After reading this book I’m challenged (like I have been from his past two books) to see wholeness in everyone and to try on tenderness with myself and those around me.
The themes I took from this book include the following: a sense of love and belonging, restoration, embracing life, and living through action. My book is riddled with highlighter marks, but below are some favorite gems:
💎 “Judgment is blind, only love truly sees, and only an understanding heart speaks the whole language”
💎 “Diversity is a fact. Equity is a choice. Inclusion is an action. Belonging is the outcome…we begin with belonging.”
💎 “Society punishes people for bad behavior, and we call it justice, but real justice restores”
💎 “The whole point of mistakes is to learn from them, not to pay for them.”
💎 “Authentic Christianity never circles the wagons. It always widens the circles… so I suppose there is no point in knowing Jesus, unless we’re going to see as Jesus.”
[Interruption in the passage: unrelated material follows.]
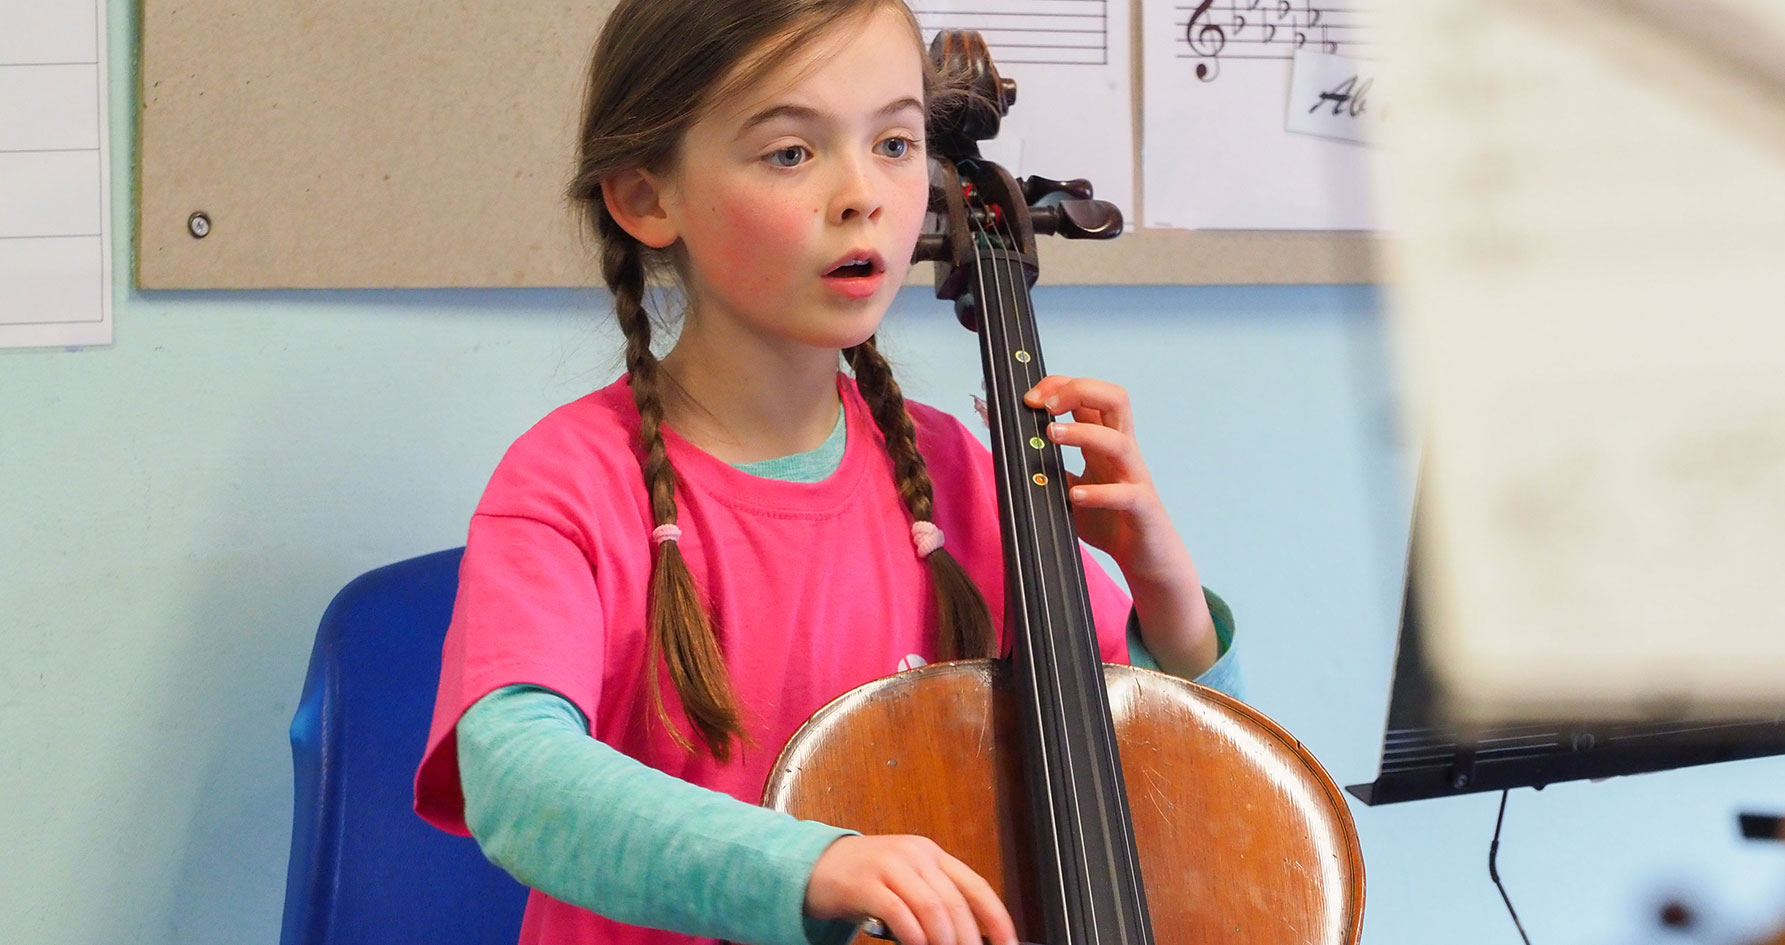 A girl playing an instrument
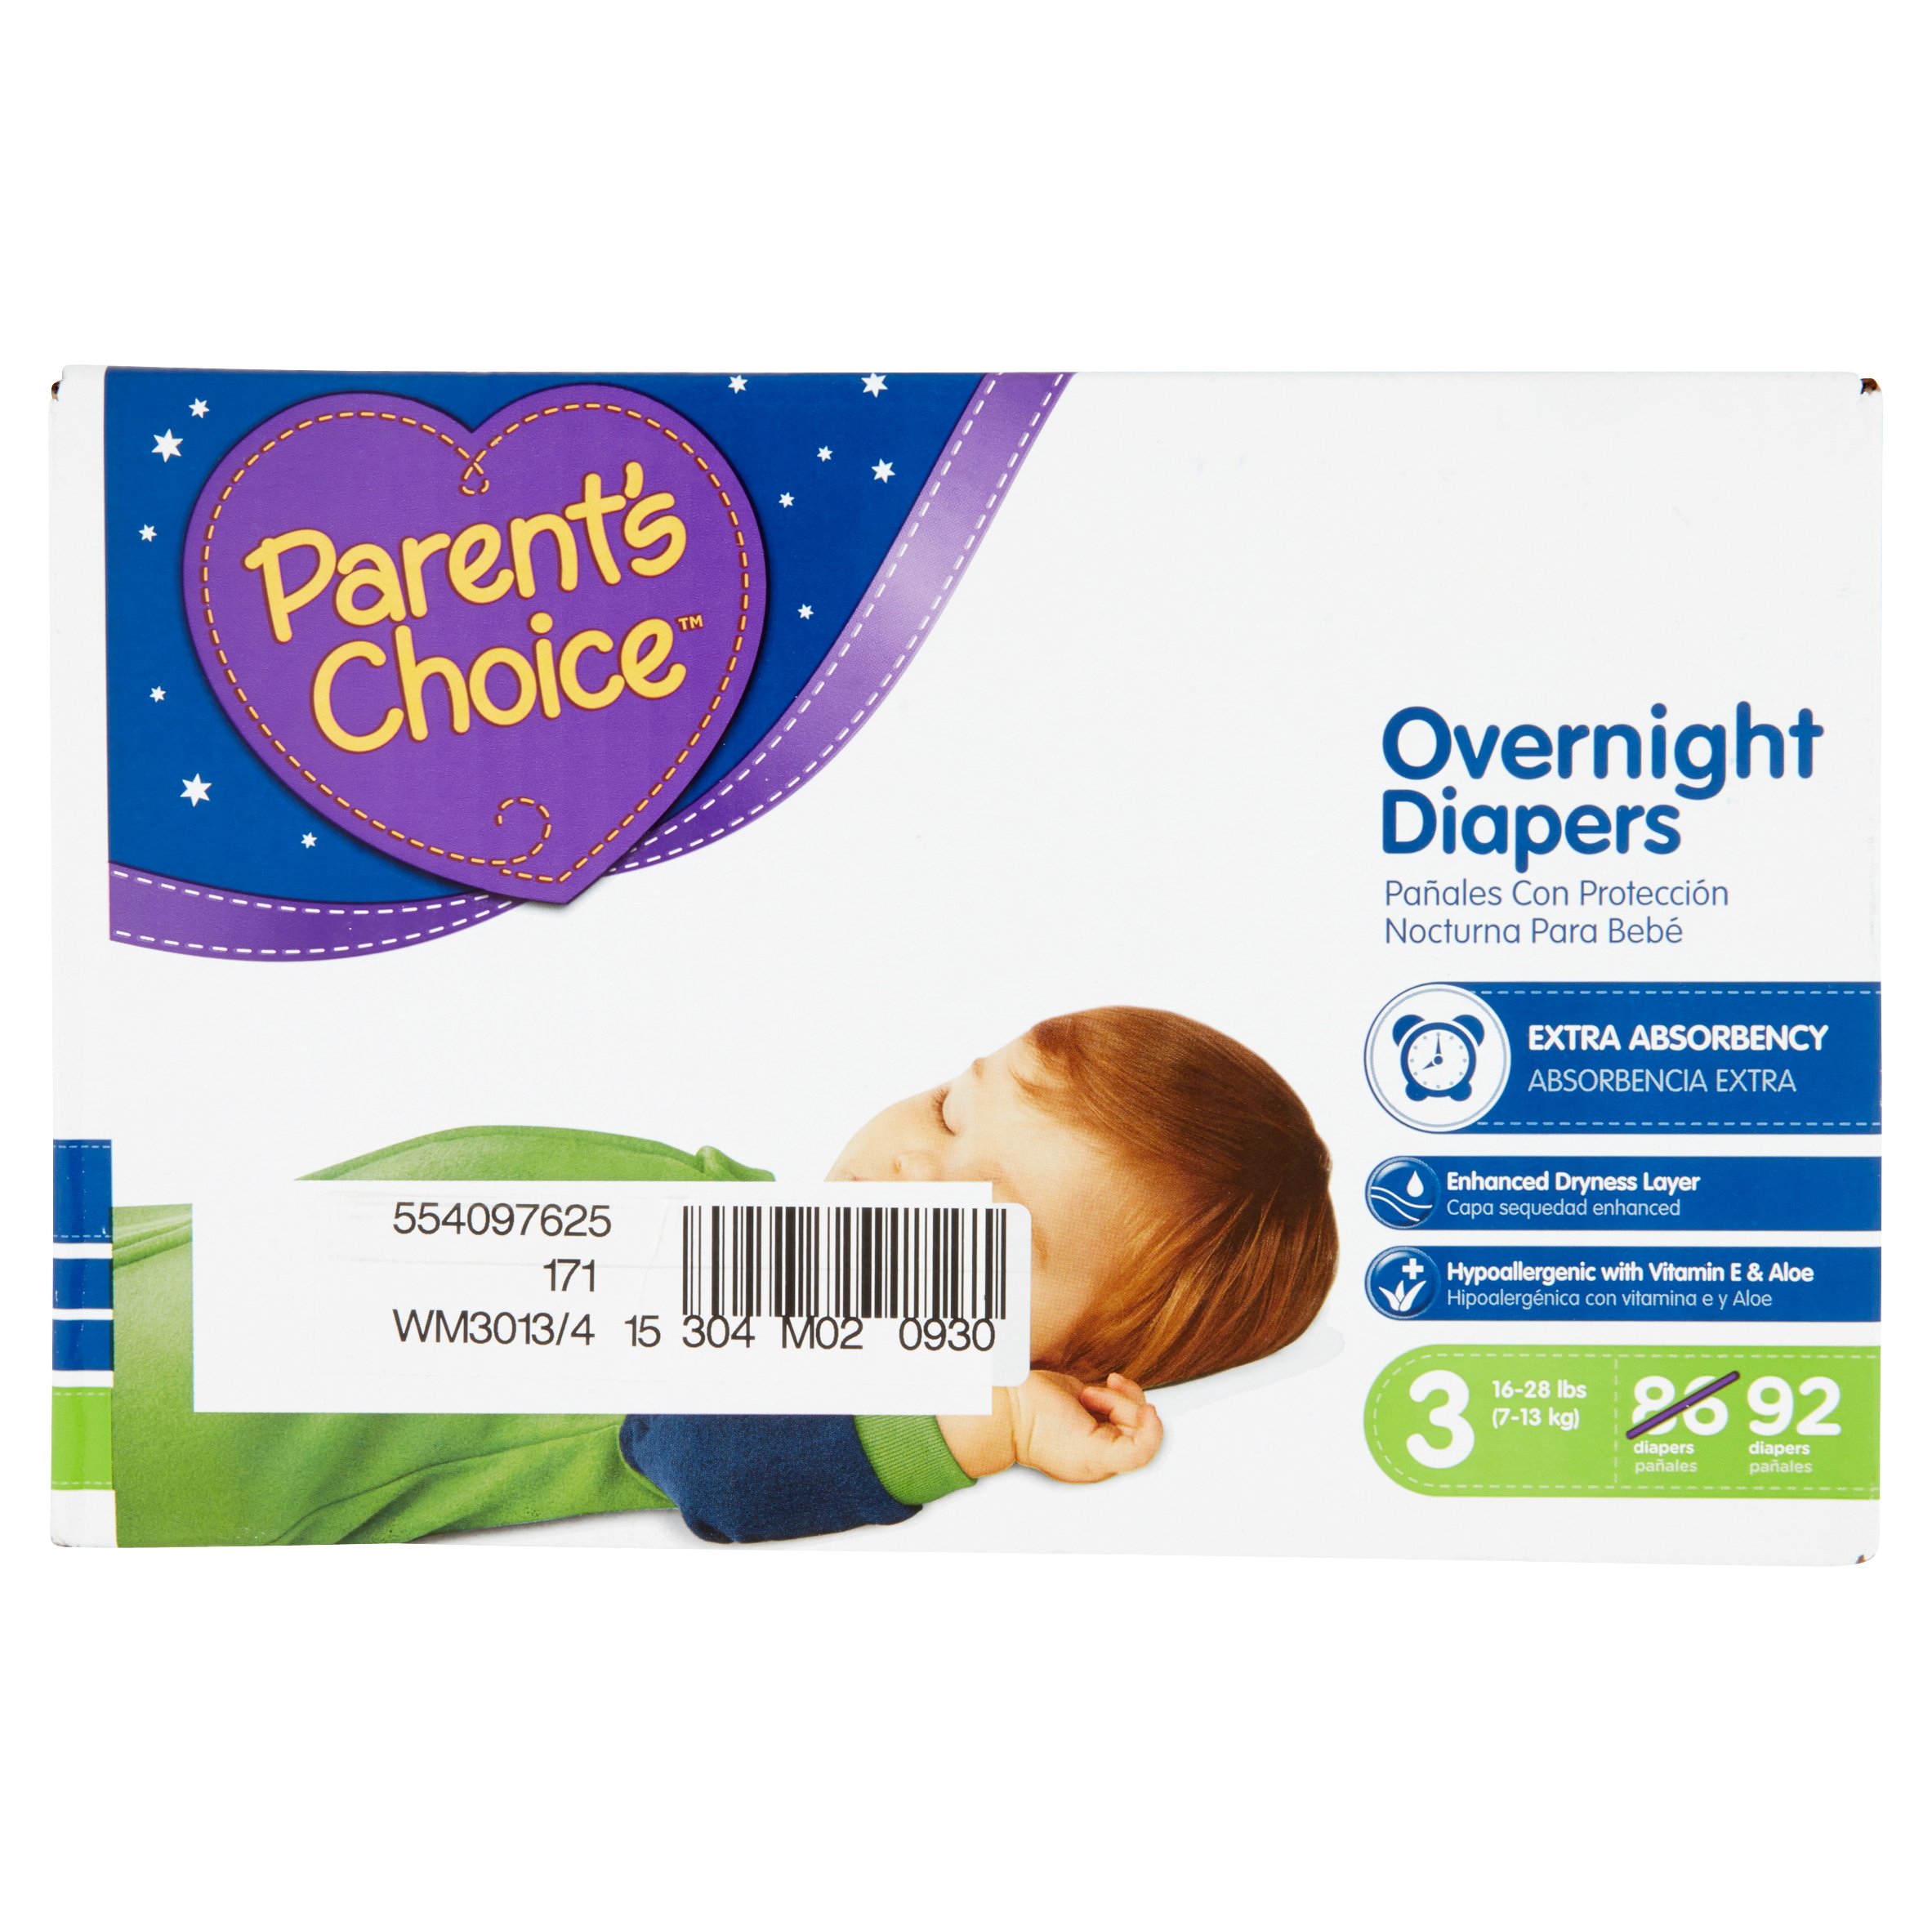 Parent's Choice Overnight Diapers, Size 3, 92 Diapers - image 5 of 5

💎 “Kindness is the only non-delusional response to everything.”
I don’t know of another author who so masterfully flies beneath my defenses and makes my heart sing, weep, and soften. Like a brilliant comedian whose joke is not about the joke but about the thing beneath the joke, Boyle’s masterful storytelling catches me off guard — the best place to pull me into the WHAT of life and not just the HOW. Where I can see the garden again and not just analyze it. The field where the soul lies down to rest, so to speak, in tenderness.
I read this because I was assigned to it for one of my classes that teaches about alternative approaches to discipline of children. Although the author is a priest, who very much talks about God, obviously, I found that the messages throughout the book were so very heartwarming and so important whether the audience is religious or not. I cried so very much while reading this beautiful book, and I can get behind THIS message of God, which is pretty crazy coming from me.
This was about considering the whole self, reflecting on it, shame/transformation and change. Boyle is honest and compassionate in his storytelling. At first he talks about the langauge we use in religion and in life and how it affects us and others, then branches out into separate instances talking about the men he helps rehabilitate and how they change and expand his perspective and God‘s place in their relationships and lives as well as our own. Also overall about connection and belonging, and a view of God and Catholicism that I really mesh with 4/5
Each of Fr. Boyle's books get better! The only sad part is that they end. I marvel that he writes this book about his homies, and it is indeed working wonders. In this book, he also looks at the division and lack of inclusion in our country among political groups. As I read this book, Fr. Boyle seems to offer a way to live with all. Homies, immigrants, estranged family members, people in the LGBTQ community, people with disabilities.
I have been a fan of Fr. Greg and Homeboy Industries for a while now, and once again Fr. Greg articulates what it means to love and to be godly in ways that I can never put into words. As someone who still identifies as catholic but doesn’t necessarily agree with the church a lot (or go to mass a lot), this book articulated what and who I believe God to be.